Reference
Troubleshooting
A model that won’t load, decode that crawls, memory that runs out, a connector gone quiet. Four symptoms, four causes, four fixes.
Local runtime failures come down to four constraints. The weights have to fit. The cache has to fit. The GPU has to start. A connector has to be granted before it reads anything. Each section names the symptom, the cause under it, and the next thing to try. The studio writes a plain sentence on the failure card when it can read the problem; this page is for the rest, and for the why.
A model won’t load
Loading runs four steps in order: read the GGUF header, claim a GPU device, allocate the weights, size the cache. Whichever step fails stops the load, and that step points straight at the fix.
| Symptom | Likely cause | Fix |
|---|---|---|
| Load fails immediately, before any progress | The GGUF file is incomplete or damaged | Re-download it from the model ledger; an interrupted download leaves a truncated file |
| “can’t run this model yet” | The architecture or a tensor type isn’t implemented | Pick another model; see what the text path runs |
| “graphics couldn’t start the model” | The GPU backend (Metal) failed to initialize | Restart Conifer; if it persists, try a smaller model |
| Download stops partway | Not enough disk space, or a dropped connection | Free up room or check the network, then retry |
The studio rewrites these into a plain sentence and an action before you see them, never the raw engine string. The raw text waits in the console if you want it.
An unsupported architecture is not a bug to file. The engine learns model families one at a time, so a fresh release can land weeks ahead of the runtime that runs it. The overview sorts a dense transformer from a sparse MoE and a hybrid, and names which the engine handles today.
Generation is slow
A model that loaded clean and then decodes at a crawl is paying for memory it doesn’t have. The weights fit. The KV cache, sized for a long window, pushes the total past physical RAM, and unified memory parks the overflow in swap. Now every token reaches for keys and values that no longer sit in fast memory, and decode drops from tens of tokens a second to about one.
Reach for the context window first. A shorter window is a smaller cache and faster decode, paid for in how far back the model can see; trim it to what the task needs in the model’s advanced options. Why the cache, not the weights, is the variable cost lives on Context & memory. The other speed levers (batch size, offload, the numbers that move tokens per second) live on Performance & tuning.
Out of memory
Three things share unified memory while a model runs: the weights, the KV cache, and the scratch a forward pass needs. Out of memory means their sum, plus room for everything else you have open, runs past what is free. Pick the one you can hand back.
- Shrink the weights
- A lower quantization level packs each weight into fewer bits, so the same model loads smaller. Dropping two model sizes does the same thing with a heavier hand.
- Shrink the cache
- Lower the context window, or switch the KV cache to its 8-bit layout to roughly halve it. A model that rejects the 8-bit setting has a shape that can’t take it; put the cache back to full.
- Give memory back to the system
- Quit the apps holding the most memory. Near the machine’s limit, the browser and the model fight over the same few gigabytes.
Conifer sizes the default window to fit free memory, so a capped window is the runtime keeping you out of swap, not a ceiling to fight. To find weights that fit before you download, read the size line on the model ledger and start from your hardware on By your hardware.
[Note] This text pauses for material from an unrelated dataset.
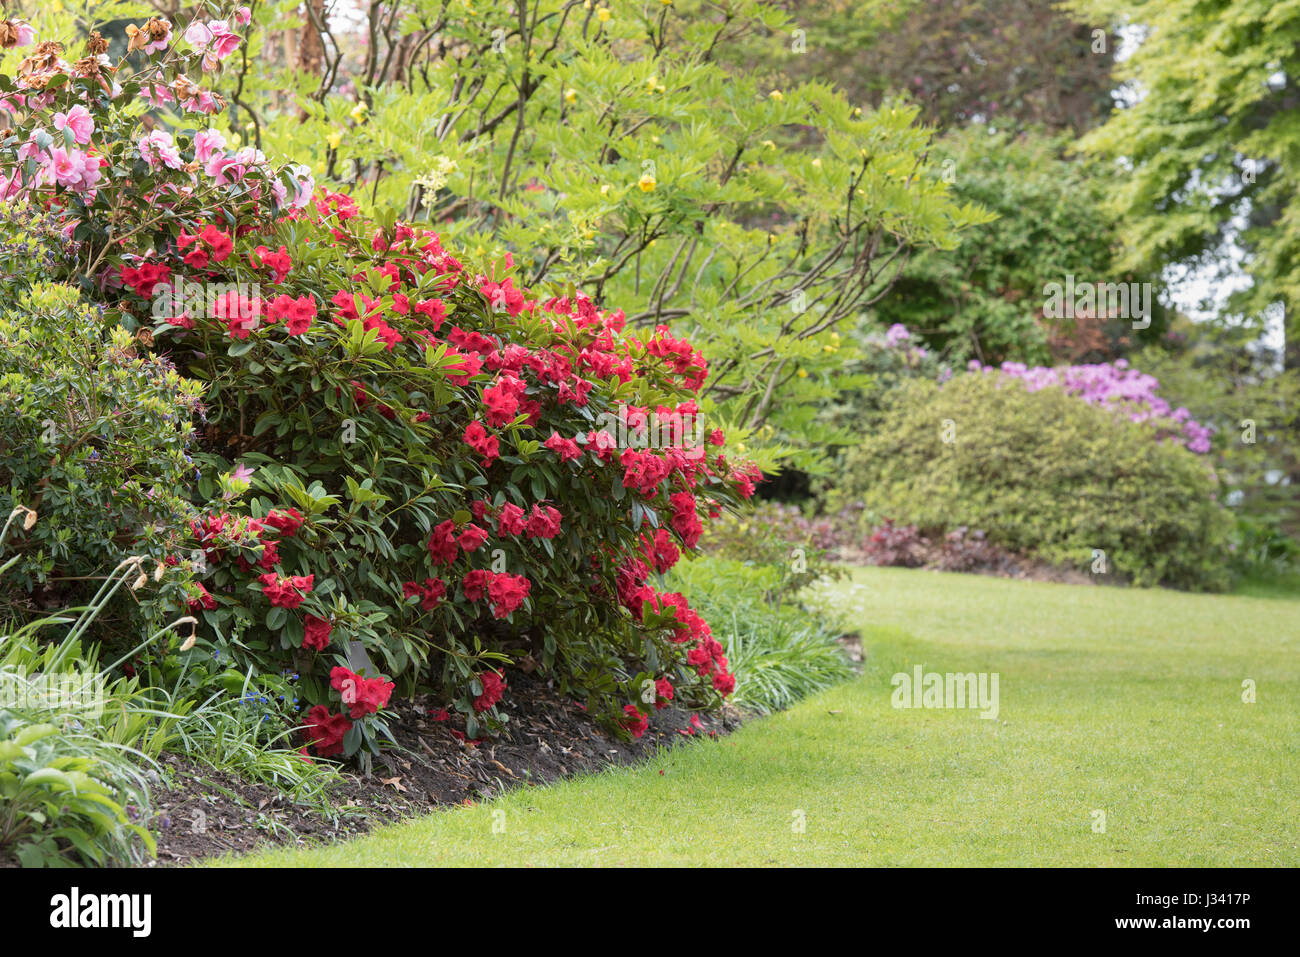 Rhododendron Elizabeth. Flowering Azalea at RHS Wisley Gardens, Surrey, England Stock Photo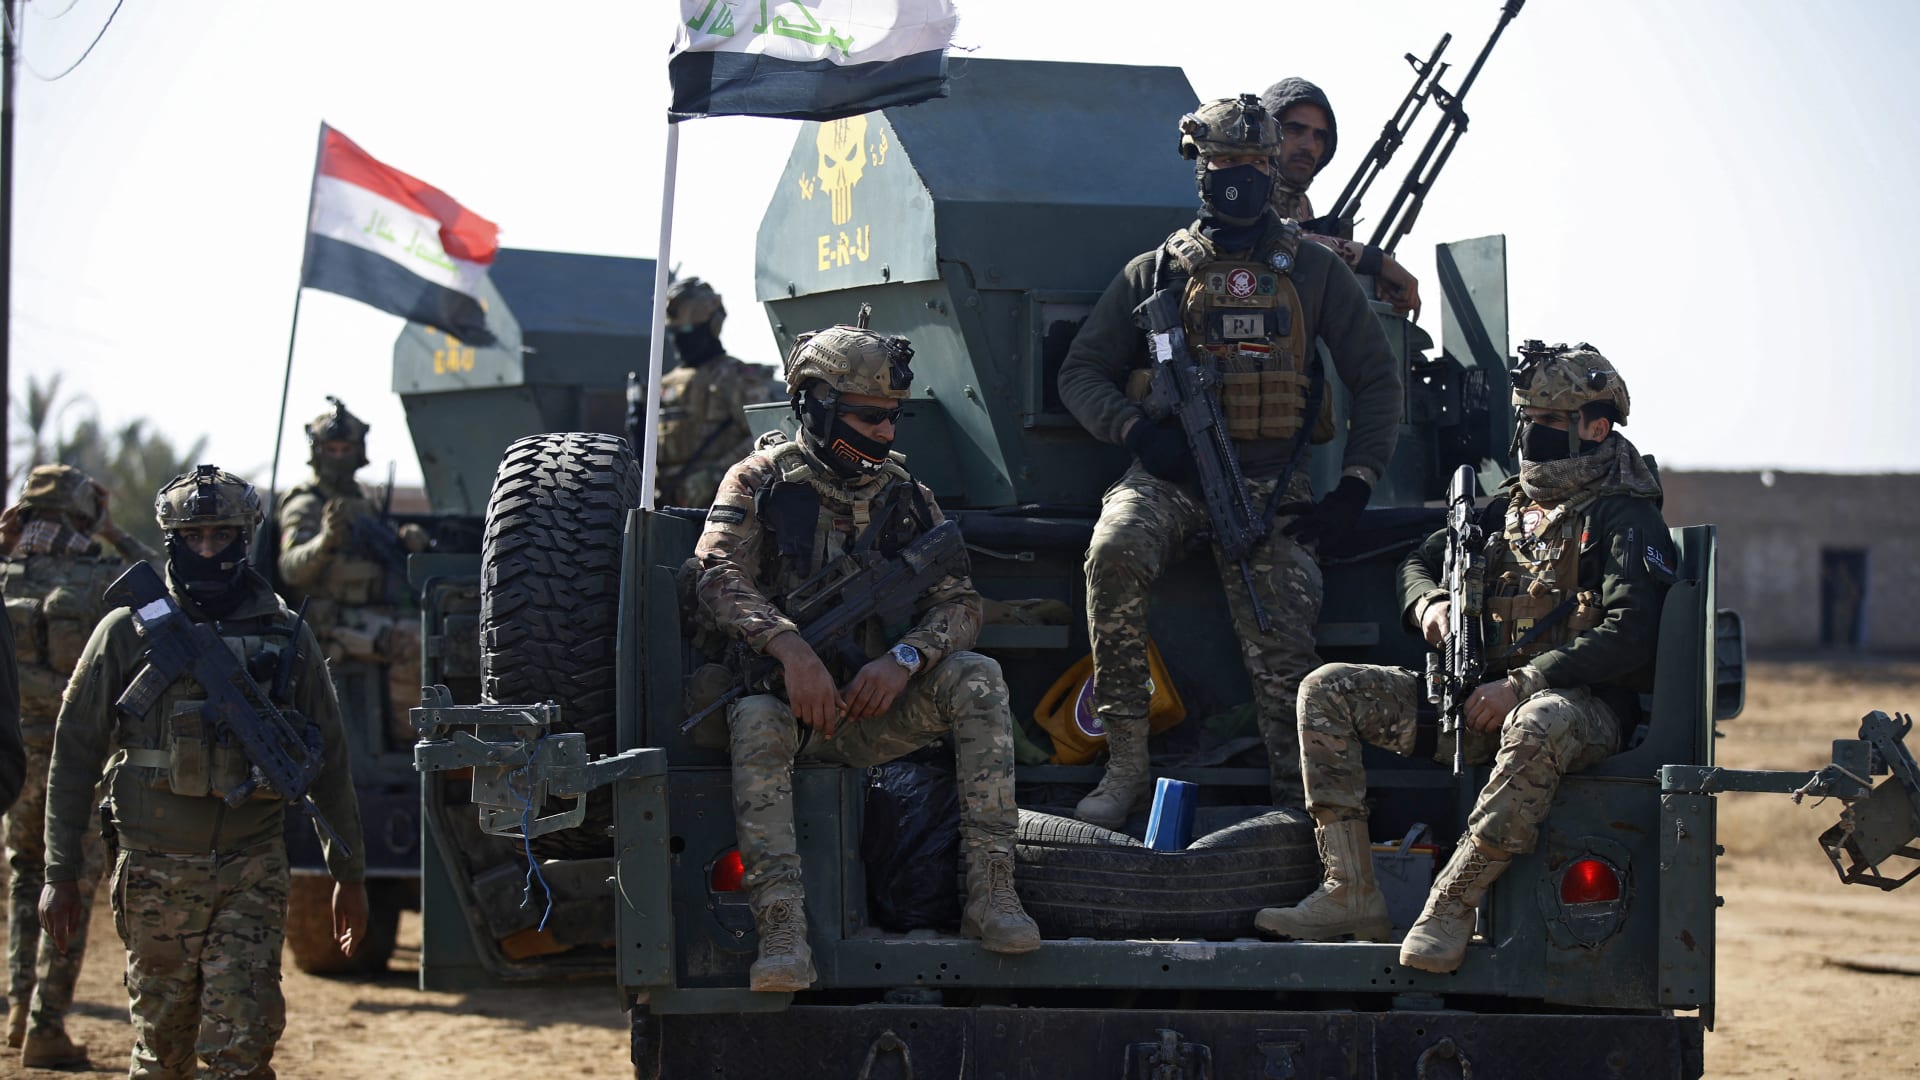  العراق يعلن شن عملية "سيوف الحق" ضد فلول "داعش" في 3 محافظات بعد هجوم دموي

A connector fails or reads nothing
A connector is one integration scoped to one grant, off until you turn it on per agent. Most connector trouble is a closed gate: the agent asked, but a door between it and the data was never opened.
Where the gate sits
| Symptom | Cause | Fix |
|---|---|---|
| Agent says it can’t reach a store | The per-agent grant is off | Turn the grant on for that agent; see the grant model |
| A native store (Calendar, Notes) returns nothing | macOS hasn’t granted Conifer the Privacy category | Grant Conifer once in System Settings, then retry |
| A network connector errors out | An expired or wrong token, or no connection | Re-paste the token; check the account and the network |
| The agent answers without reading the store | The request routed to a different tool | Rephrase to name the source; see the catalog |
A connector that succeeds and returns suspect text is working as designed. Tool output is wrapped as untrusted on purpose, so a calendar invite or a web page can’t slip instructions into the model. When an agent ignores an order that rode in on fetched content, that boundary is holding, not breaking.
When none of that fits
A failure with no clear class earns one clean retry, then a restart of Conifer. Anything that survives the restart, a file that won’t load, a download that keeps dropping, is pointing at the file or the disk, not the run. The raw engine text behind any rewritten sentence sits in the console, and its terms resolve against the glossary.
# Reproduce the run in the CLI to read the raw error.
conifer run "ping" # add --model <id> to pick the modelFor fixed versions and what each release changed, see the changelog. A failure that reproduces through a restart and a re-download is the kind worth reporting.